RECURSO PARCIALMENTE CONHECIDO E DESPROVIDO.

Vistos, relatados e discutidos estes autos de Apelação Cível n. XXXXX-29.2013.8.24.0018, da comarca de Chapecó (3ª Vara Cível), em que é Apelante Delzira Serpa e Apelada Itaú Seguros S.A.

A Câmara Especial Regional de Chapecó decidiu, por votação unânime, conhecer parcialmente do recurso de apelação interposto pela autora e negar-lhe provimento. Custas legais.

Participaram do julgamento, realizado nesta data, o Exmo. Des. João Batista Góes Ulysséa, presidente com voto, e a Exma. Desa. Subs. Bettina Maria Maresch de Moura.

Florianópolis, 19 de junho de 2017.

Carlos Roberto da Silva

RELATOR


RELATÓRIO

Delzira Serpa interpôs recurso de apelação contra sentença que, nos autos de ação de cobrança de seguro de vida em grupo, julgou improcedente o pedido inicial e condenou a autora ao pagamento dos ônus sucumbenciais, cuja exigibilidade restou suspensa em razão da concessão do benefício da justiça gratuita (fls. 267-269).

Como fundamentos de sua apelação, em síntese, a recorrente alega a nulidade da prova pericial, sob os argumentos de que: a) a perita não avaliou a incapacidade da parte autora pela atividade habitualmente exercida e que causou sua incapacidade; b) os quesitos da perícia não foram respondidos adequadamente pela perita; c) a impossibilidade de formular quesitos complementares ao laudo lhe importou em verdadeiro cerceamento de defesa; d) não foram analisados os argumentos despendidos na impugnação ao laudo pericial acerca do: d.1) ausência de registro como especialista em medicina do trabalho; d.2) impedimento legal da perita que presta assistência técnica a seguradoras; d.3) juízo de valor formado pela expert; e) é necessária a vistoria do local de trabalho. No mérito, discorre sobre a aplicação do Código de Defesa do Consumidor ao caso em comento, a fim de que as cláusulas contratuais sejam interpretadas de maneira mais favorável ao consumidor.

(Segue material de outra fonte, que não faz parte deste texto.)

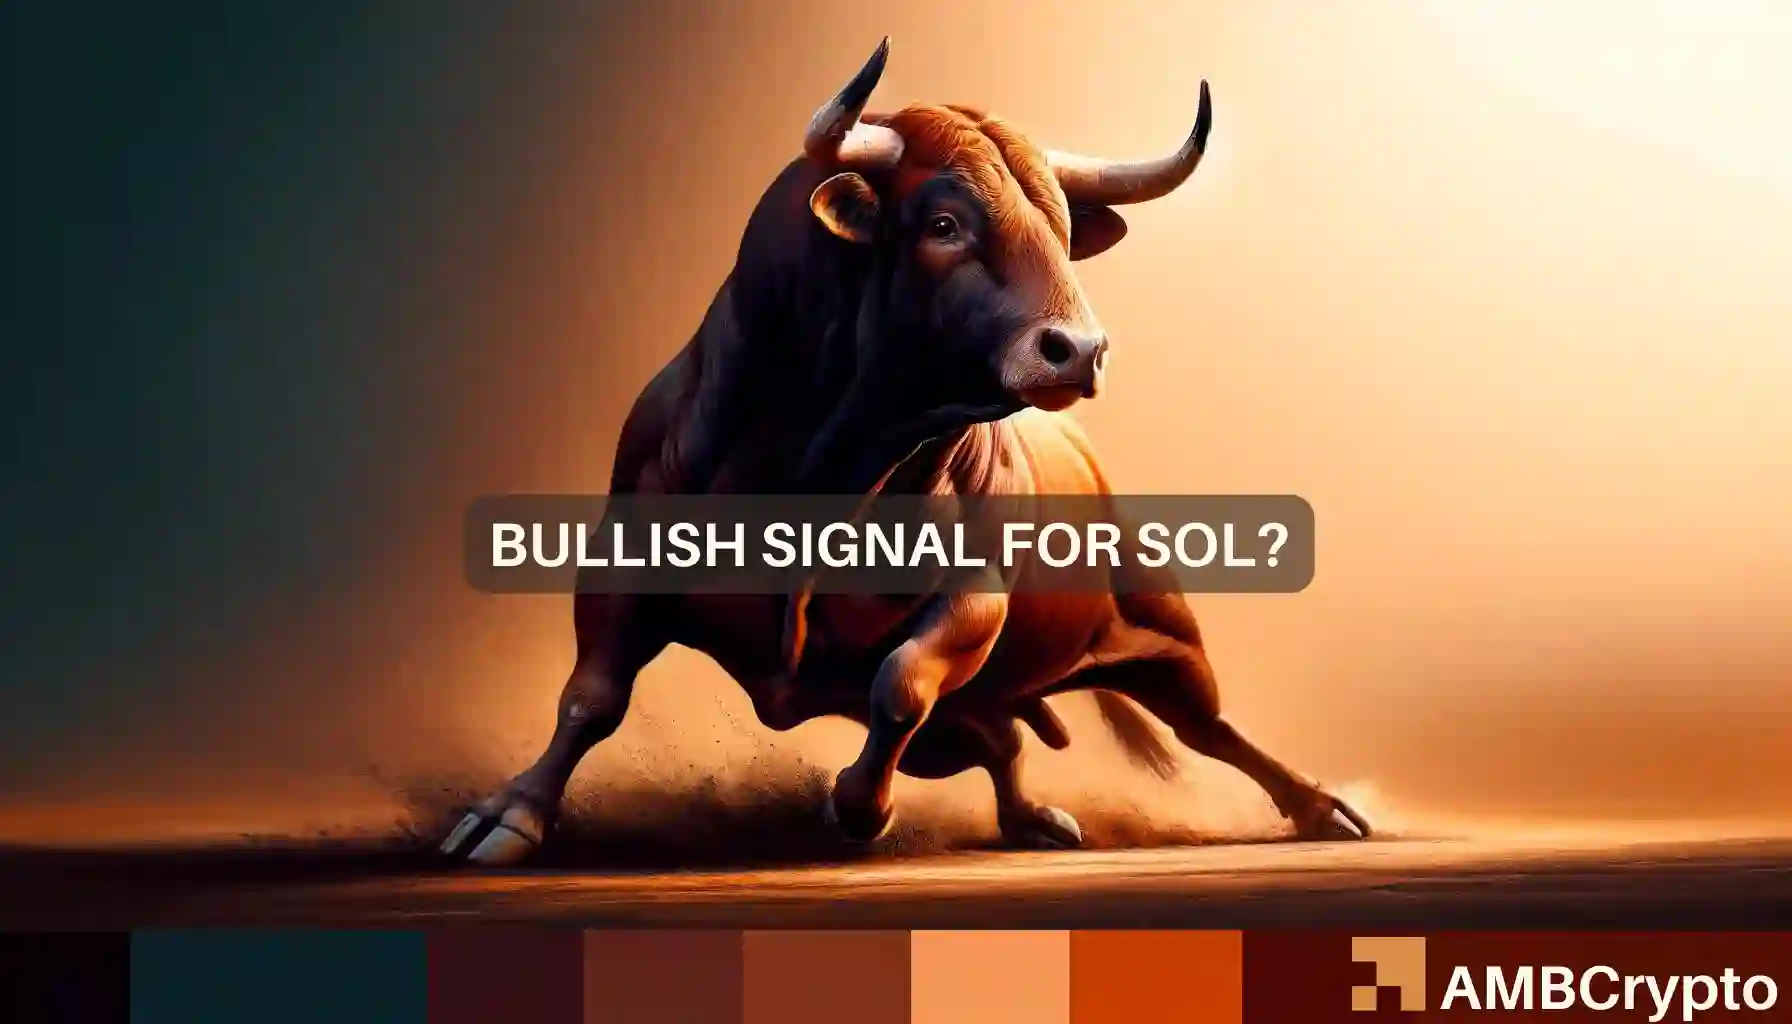 Bullish signal for SOL after new release

Ao fim, requer a reforma do decisum "para declarar nula a perícia realizada e consequentemente a sentença designando nova prova pericial" (fl. 284).

Com as contrarrazões (fls. 379-391), ascenderam os autos a esta Corte de Justiça.

Este é o relatório


VOTO

Trata-se de recurso de apelação interposto por Delzira Serpa contra sentença que julgou improcedente o pedido formulado na ação de cobrança de seguro em grupo ajuizada em face de Itaú Seguros S.A. e condenou a apelante ao pagamento dos ônus sucumbenciais, cuja exigibilidade restou suspensa na forma do art. 12 da Lei n. 1.060/50.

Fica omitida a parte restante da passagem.